I'm currently working on a scanner generator. The generator already works fine. But when using character classes the algorithm gets very slow.
The scanner generator produces a scanner for UTF8 encoded files. The full range of characters (0x000000 to 0x10ffff) should be supported.
If I use large character sets, like the any operator '.' or the unicode property {L}, the nfa (and also the dfa) contains a lot of states ( > 10000 ). So the convertation for nfa to dfa and create the minimal dfa takes a long time (even if the output minimal dfa contains only a few states).
Here's my current implementation of creating a character set part of the nfa.
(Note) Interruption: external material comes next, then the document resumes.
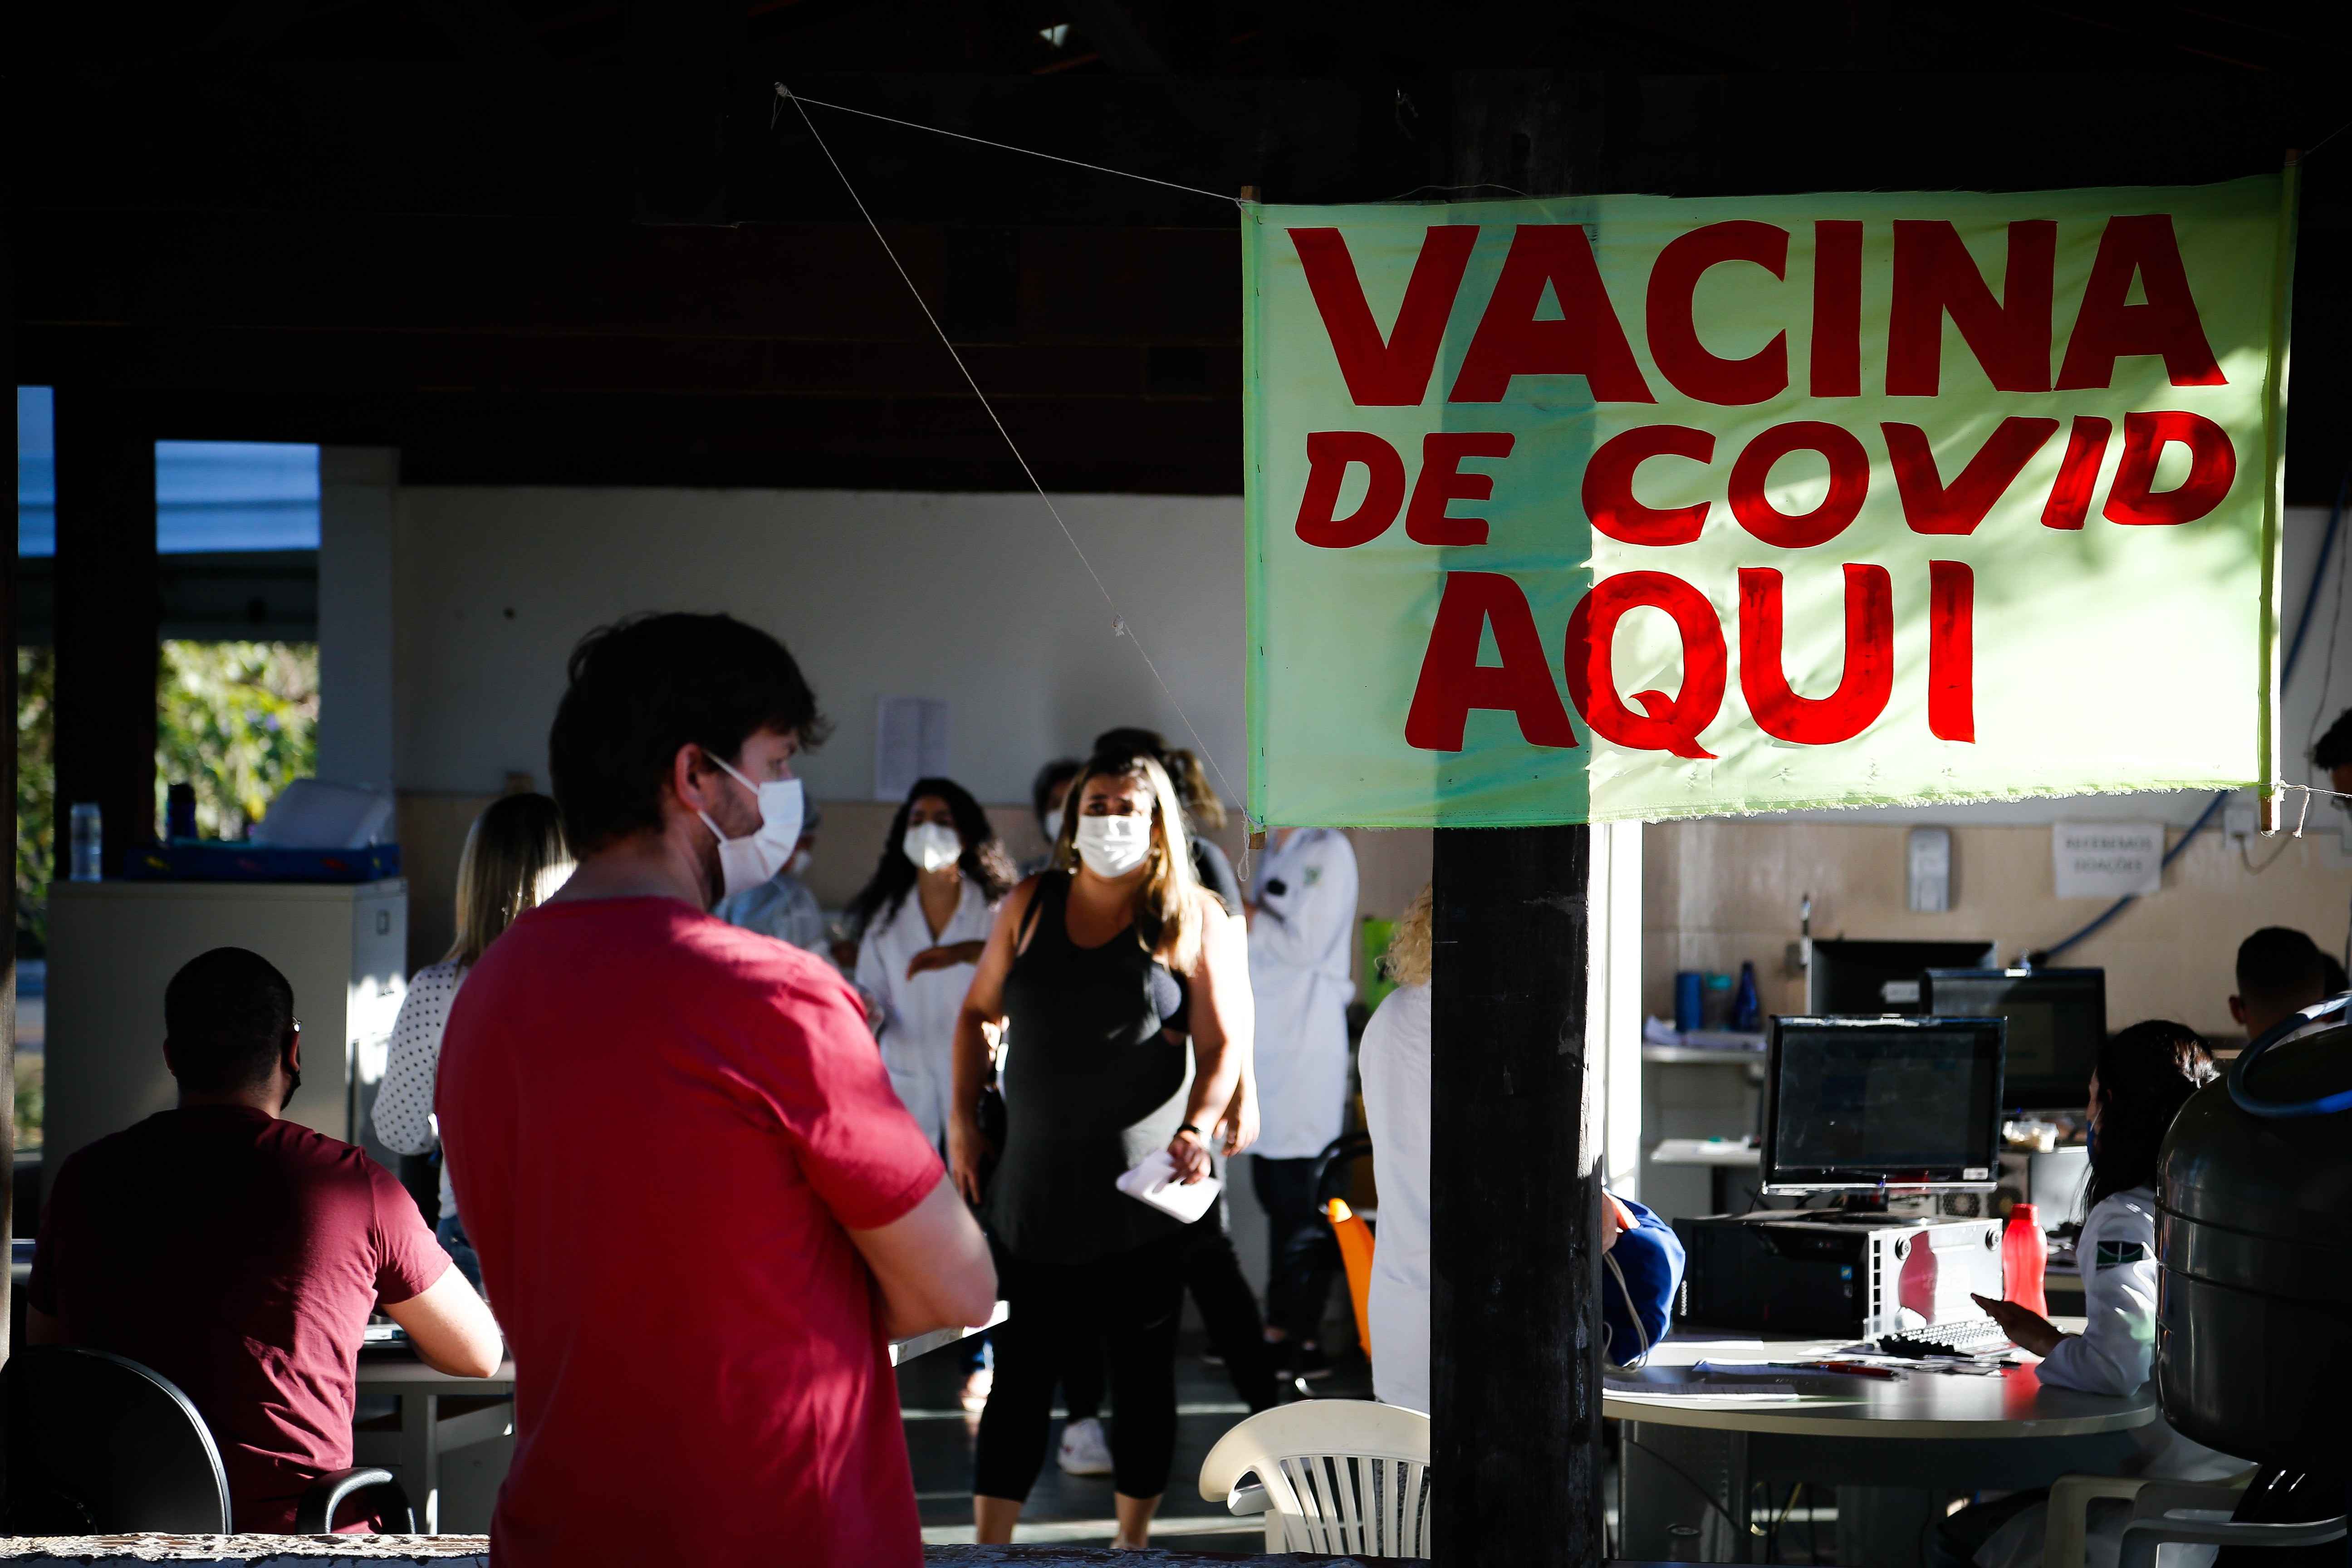 Posto de vacinação no Distrito Federal contra a Covid-19: sites disseminam desinformação sobre supostos efeitos colaterais de imunizantes

void CreateNfaPart(int startStateIndex, int endStateIndex, Set<int> characters)
{
transitions[startStateIndex] = CreateEmptyTransitionsArray();
foreach (int character in characters) {
// get the utf8 encoded bytes for the character
byte[] encoded = EncodingHelper.EncodeCharacter(character);
int tStartStateIndex = startStateIndex;
for (int i = 0; i < encoded.Length - 1; i++) {
int tEndStateIndex = transitions[tStartStateIndex][encoded[i]];
if (tEndStateIndex == -1) {
tEndStateIndex = CreateState();
transitions[tEndStateIndex] = CreateEmptyTransitionsArray();
}
transitions[tStartStateIndex][encoded[i]] = tEndStateIndex;
tStartStateIndex = tEndStateIndex;
}
transitions[tStartStateIndex][encoded[encoded.Length - 1]] = endStateIndex;
}
Does anyone know how to implement the function much more efficiently to create only the necessary states?
EDIT:
To be more specific I need a function like:
List<Set<byte>[]> Convert(Set<int> characters)
{
???????
}
A helper function to convert a character (int) to a UTF8 encoding byte[] is defined as:
byte[] EncodeCharacter(int character)
{ ... }